Be Brave

2009 cenote eden liam 1

After I had an epiphany and understood fully “I am transgender”, there was only one way: forward. Continuing in the wrong body was never an option.
I was scared but determined.
Then, I began telling people about my situation:
“I’m actually a man stuck in a female body. I’ve started hormone therapy, so you’ll see my body change over the next few months. And, from now on, can you please call me Liam instead of Stefanie?”
Each time I addressed one of my family, friends, and work mates, the reactions were very similar.
“Ah, I’ve always wondered if you weren’t in fact a boy,” my dad said.
“I’m not surprised. It’s kind of obvious,” my boss said.
“Liam? How on earth do I pronounce that? Couldn’t you have found something easier?” the work mate I believed to be the most conservative asked with a twinkle in his eye.
“I’ve always known,” my professor at the Art Academy said, accompanying his statement with a strong, friendly pat on the shoulder that almost knocked me over.
The list of positive encounters continues indefinitely.
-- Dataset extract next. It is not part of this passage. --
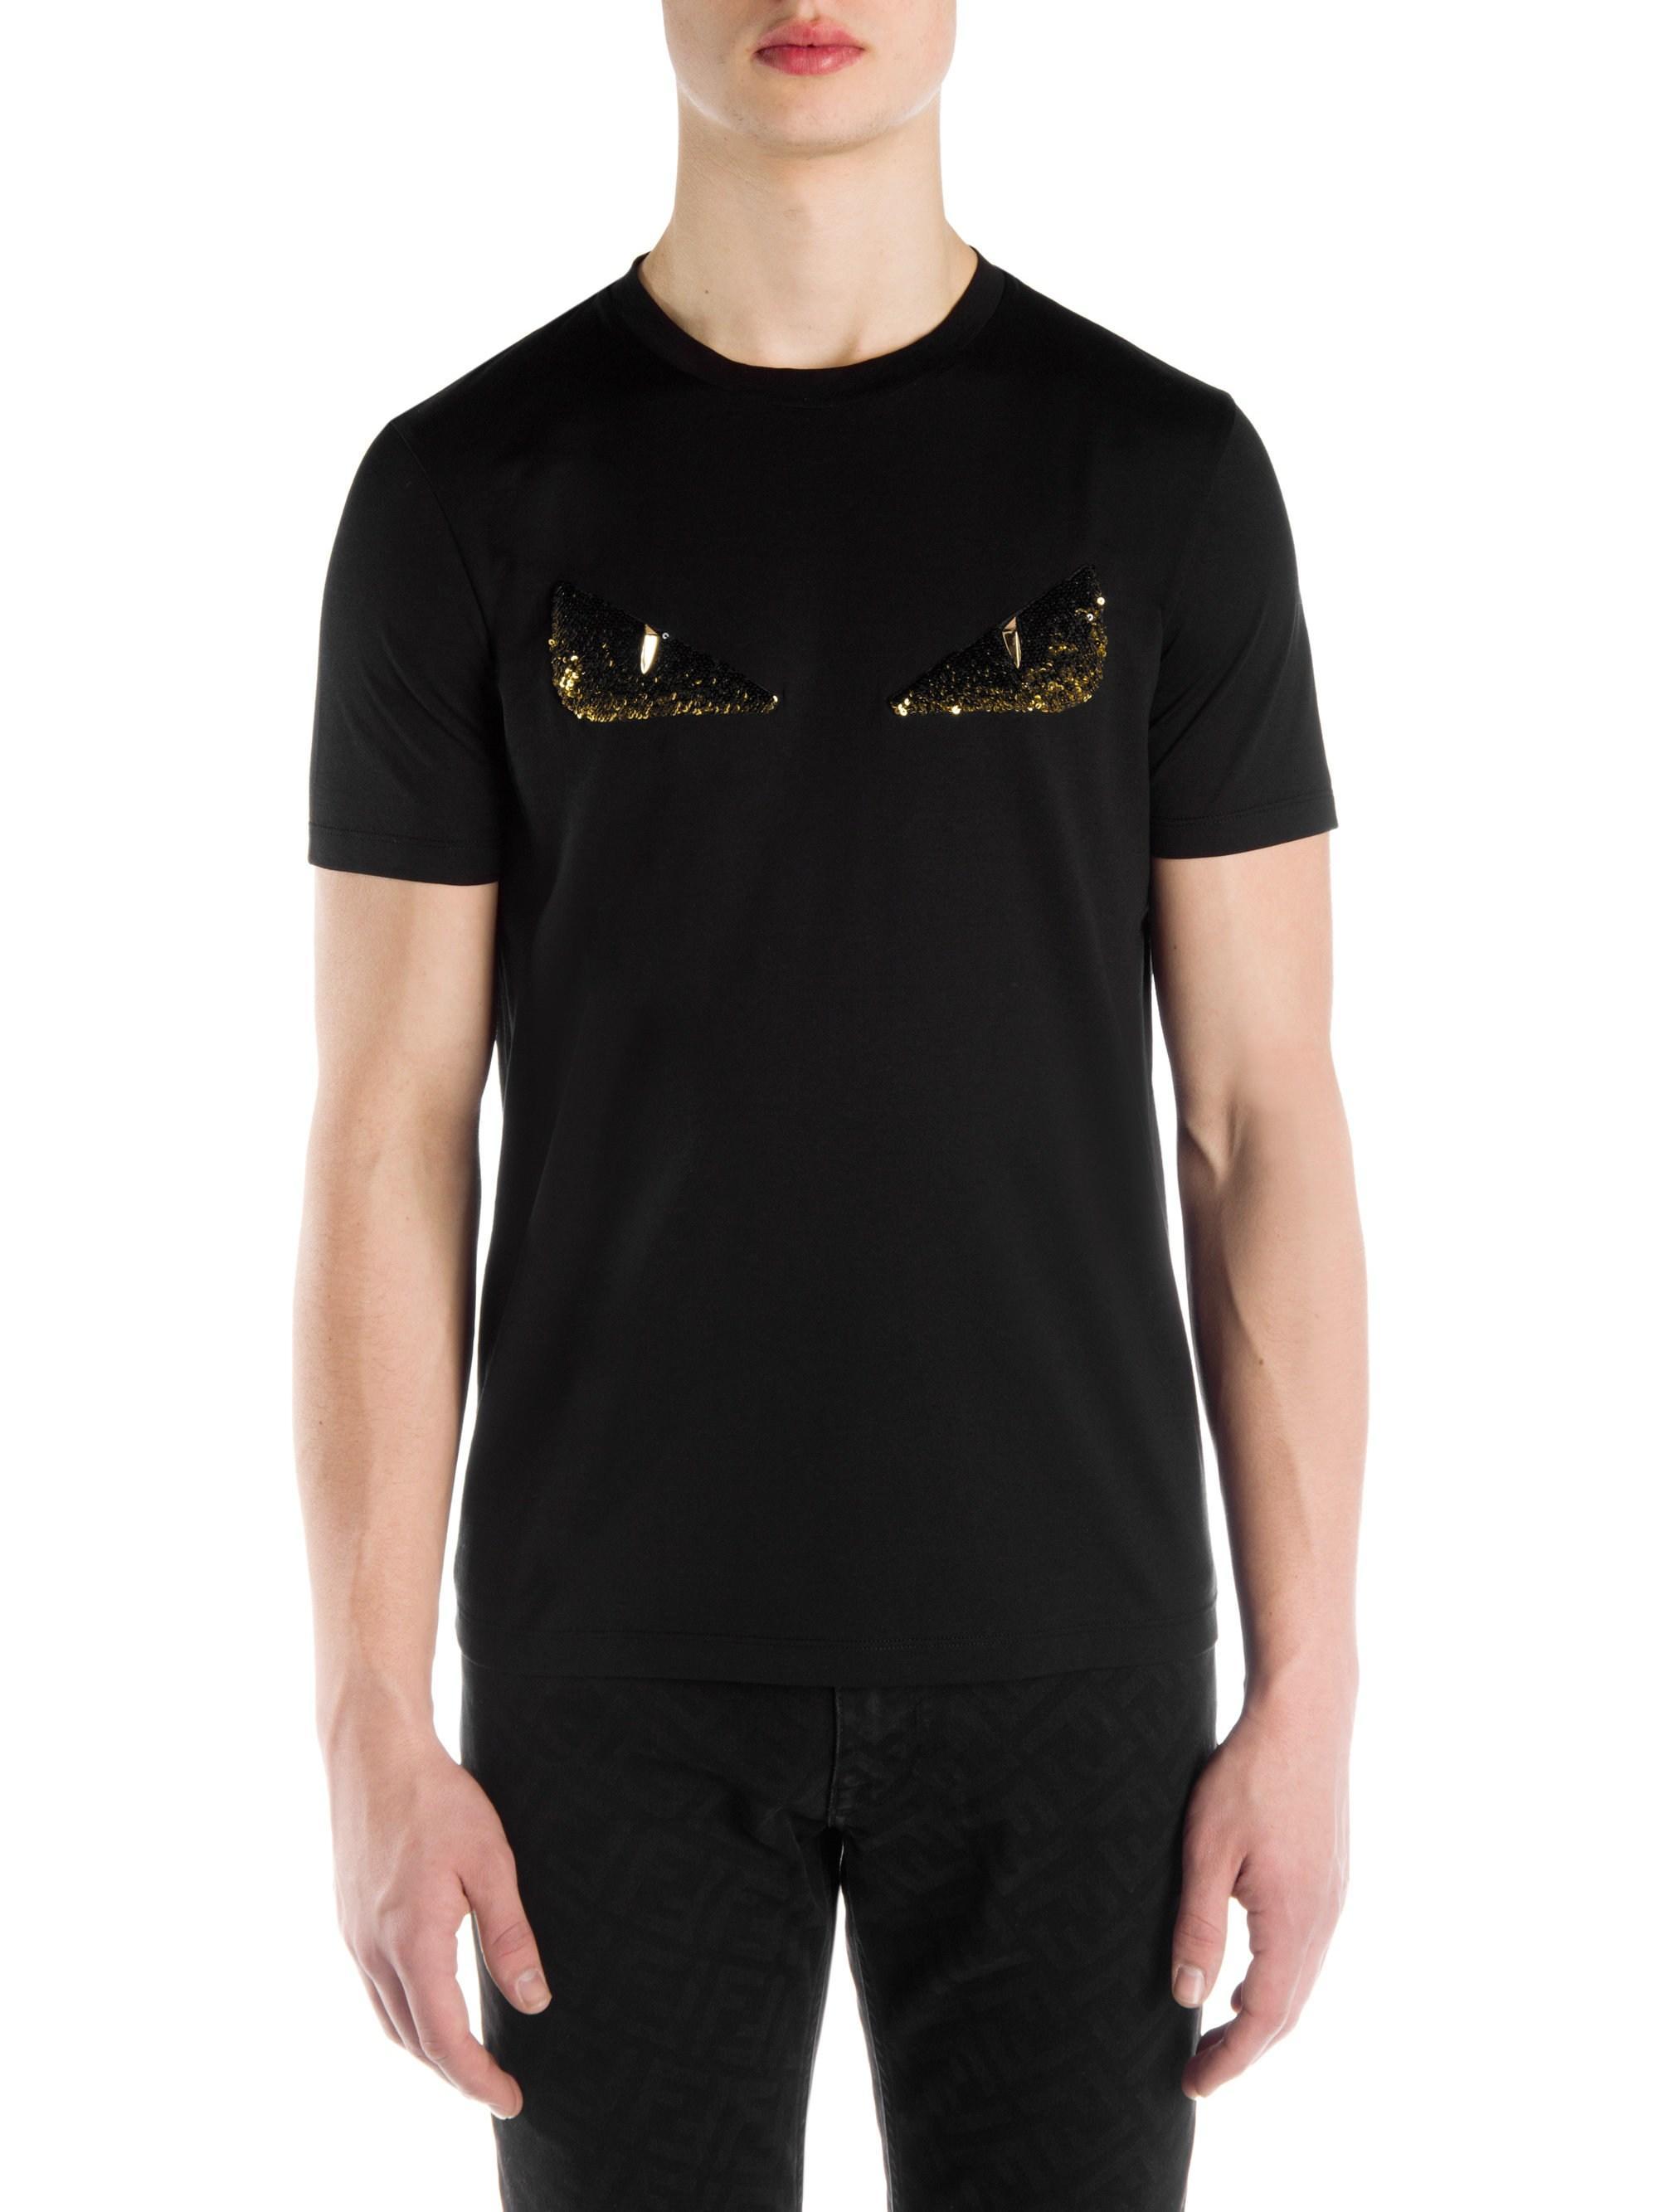 8388fa3a Fendi - Men's Embellished Eye Graphic T-shirt - Black for Men - Lyst. View  fullscreen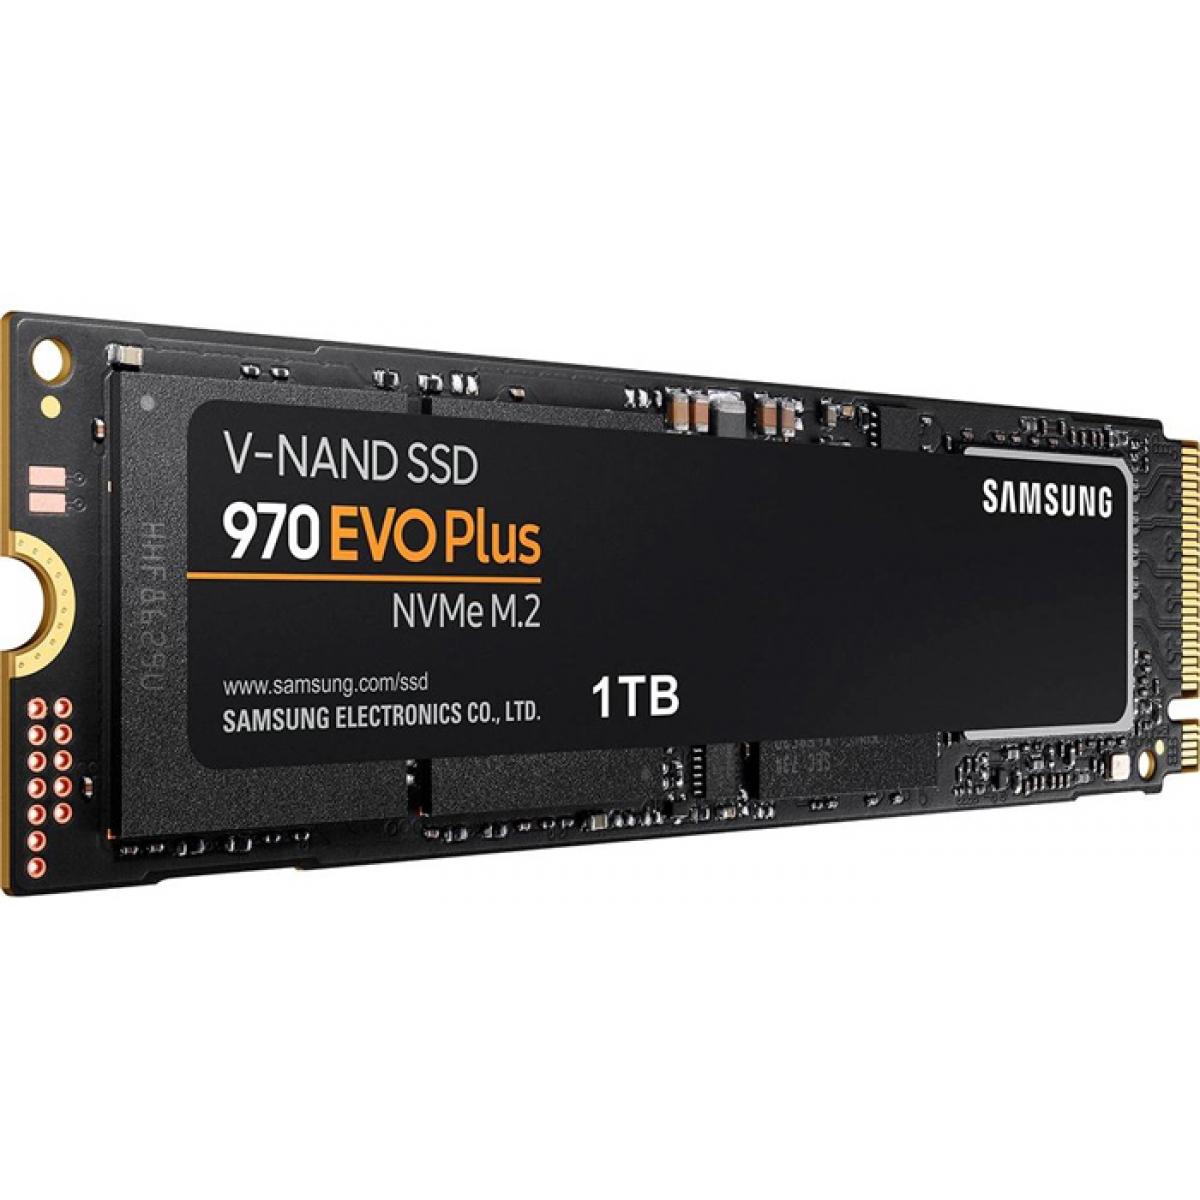 SSD Samsung 970 EVO Plus, 1TB, M.2 2280, NVMe, Leitura 3500MBs e Gravação 3300MBs, MZ-V7S1T0B/AM

Fact is, those who love us and care about us, often know long before we ourselves know or are ready to “come out”. They know in their hearts.
During our lifetime there are many opportunities to come out and stand up for who we are and what we believe in – be it to let the world know about our LGBT identity, a political belief, or a philosophical standpoint.
Others might already know us well enough so maybe it needn’t be said at all, but we need to hear the words out loud, need to feel and savour those letters rolling around our tongue like a well-preserved bottle of red wine.
We need to proclaim for ourselves and the world, “This I me. This is who I choose to be. This is who I am born to be. I accept and love myself just as I am.”